Fed officials raised interest rates a whopping 525 basis points in 18 months to tame inflation, a move that’s taken borrowing costs in the economy to their highest level since 2001.
Economists have warned that high interest rates could spark a recession as financial conditions become restrictive and that the full impact of rate hikes probably hasn’t been felt, as they typically take about 18 months to fully work their way through the economy.
Signs of stress are beginning to show in parts of the financial system. Corporate defaults soared last year to their highest level since the pandemic, according to Moody’s Analytics. Bank lending has fallen for three straight quarters, according to Fed data.

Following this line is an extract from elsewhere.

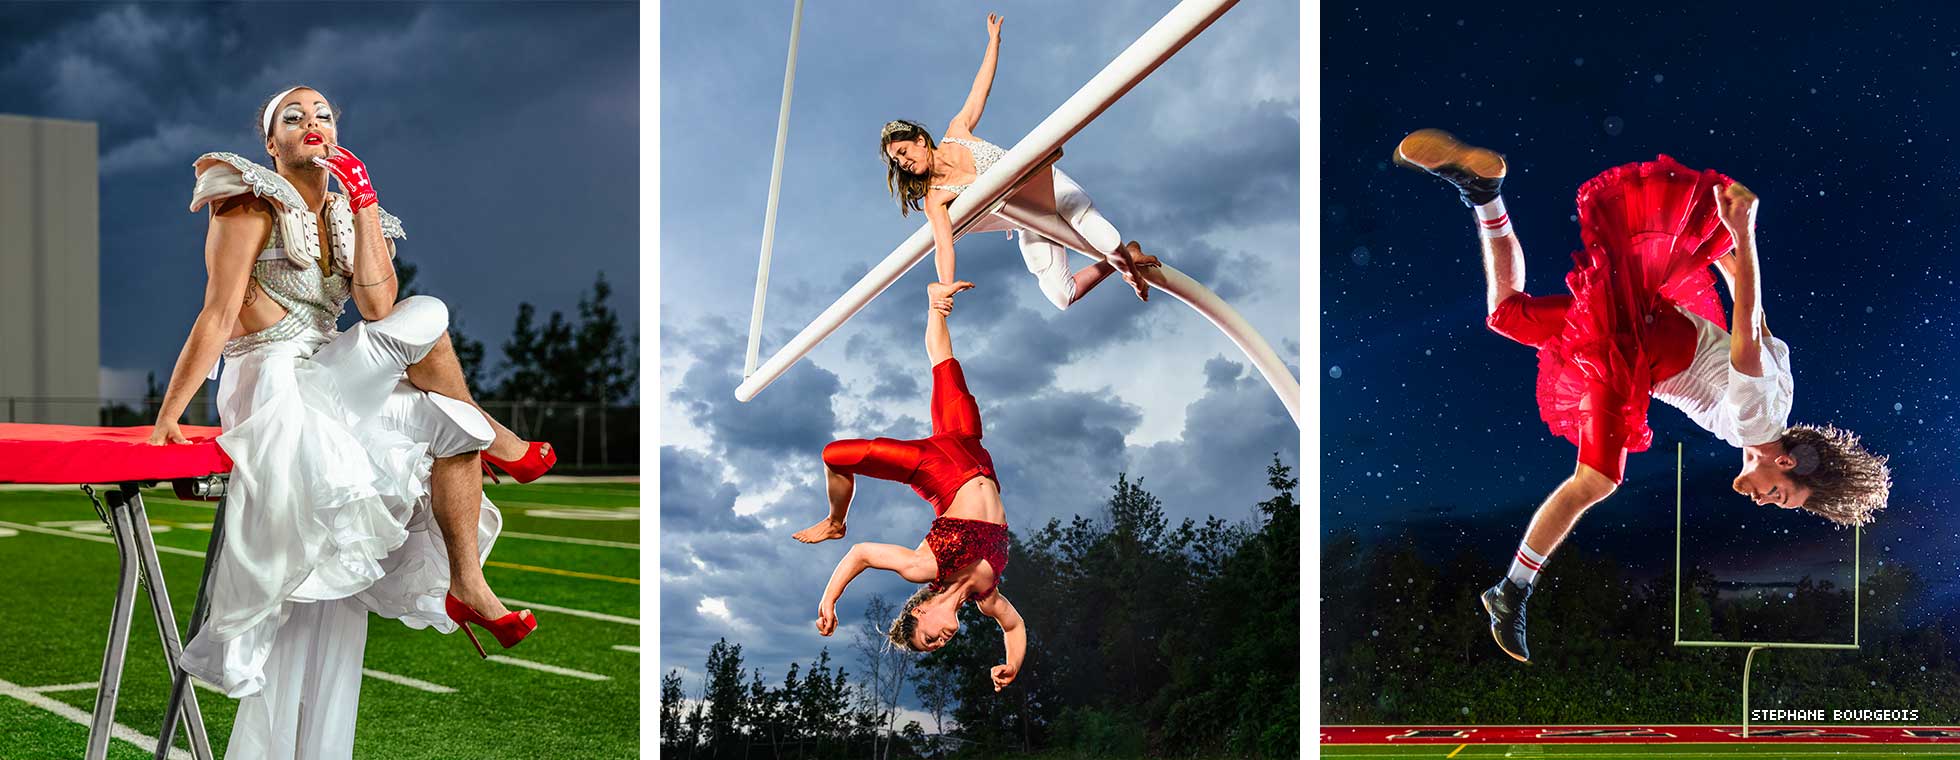 In an image collage, a person wears heels, a dress, and football chest pads; two acrobats assist each other over a goal post; and an acrobat does an aerial flip with a goalpost in the distance.

Still, signs point to the Fed keeping interest rates elevated as it keeps an eye on inflation. Consumer prices came in hotter than expected last month, with inflation rising 3.1% year-over-year in January.
Zentner predicted that inflation would probably reaccelerate over the first quarter, pointing to the 3.9% growth in core inflation last month. That reacceleration could show up in the next consumer-price-index report, which markets are expecting later this week.
“We do expect inflation reacceleration to be temporary, but that is an open question,” Zentner said, adding that markets might have to consider Fed rate cuts pushed beyond mid-year.
Investors had been pricing in ambitious rate cuts to come in 2024, but many forecasters have dialed back their expectations amid hot inflation data. Markets are now pricing in a 39% chance that the Fed could lower rates by 100 basis points or more by the end of the year, according to the CME FedWatch tool.